Added to this is the issue of export control: legislation regulating the export of restricted goods, including software, technology and information. This is another set of data compliances that organisations need to be aware of and abide by, as well as requiring exporters to apply for a licence to export data covered by these controls.
Streamlining the process
Despite the multitude of challenges surrounding data protection regulations, compliance is always a good thing, as it streamlines the information sharing process. Furthermore, organisations that emphasise their data protection compliances will highlight to customers that they take their responsibilities seriously “They can be a responsible organisation and use this as a competitive advantage, especially when it comes to B2B companies where it can be used as an investment in getting deals,” says Kadhim. “For other companies, they should be aware that it’s the responsible thing to do.”
Conversely, there are also financial penalties and the associated reputational harm attached to being in breach of data protection legislation. As regulators like the ICO expand their oversight to incorporate smaller companies, the risk of organisations being found in breach of data protection regulation increases.
Given the time and expertise required to comply with the various data protection policies, technologies are being developed to automate many of the responsibilities expected by organisations. For example, the GDPR compliance tool from Naq automatically generates the documentation relevant to an organisation, as well as offering the necessary training modules and ensuring the appropriate security measures are in place.
The future of data protection remains a complex and fluid challenge. The information generation and sharing capabilities of artificial intelligence (AI) and machine learning raises the question of who owns data that has been using AI: is it the owner of the AI, the person whose data was used to generate the information or someone else?

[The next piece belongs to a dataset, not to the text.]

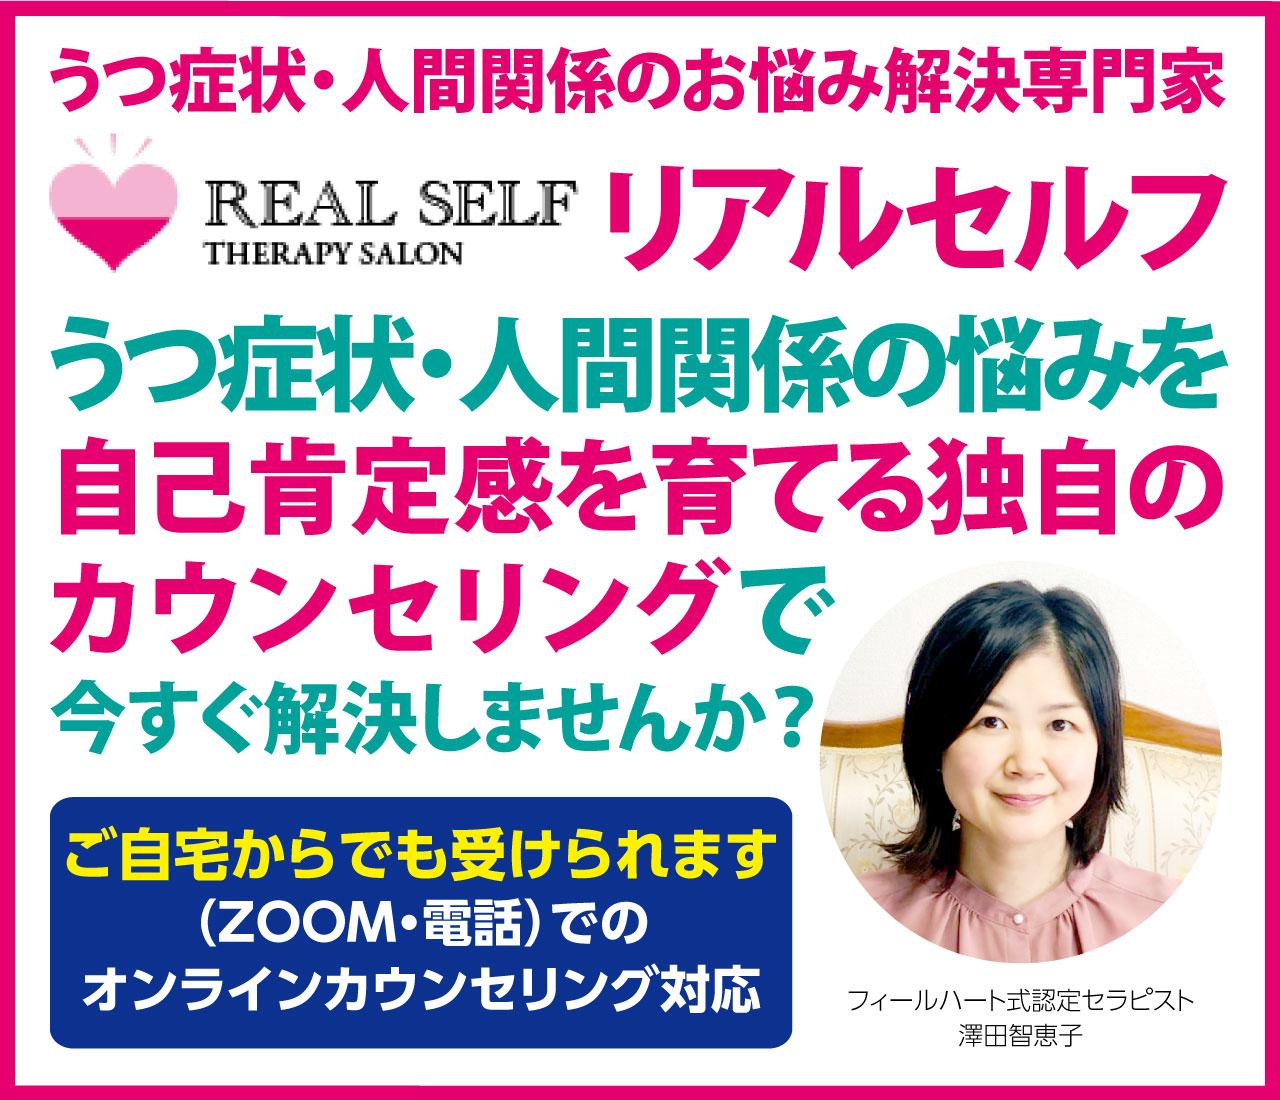 うつ症状・人間関係のお悩み解決専門家「リアルセルフ」うつ症状・人間関係の悩みを自己肯定感を育てる独自のカウンセリングで今すぐ解決しませんか?

The EU seeks to address some of these issues with the forthcoming Data Act. The act will introduce new rules that will make more data available for reuse by addressing the legal, economic and technical issues that lead to data being under-used. One possible consequence of this act will be that organisations will need to ensure that their data is not held in a proprietary format and that it can be easily transferred to another organisation.
“Legislation will never be as quick as new developments in industry and they’re going to try to retrospectively arrange and legislate things that have already happened,” says Kadhim.
Complying with a multitude of data protection legislations can be complex and time-consuming for organisations. This is especially true for smaller companies, which may not have the necessary expertise to understand the legislative requirements expected of them. Data compliance tools can automate the process, generating the necessary documentation and ensuring that organisations have suitable data protection policies, together with being able to follow them.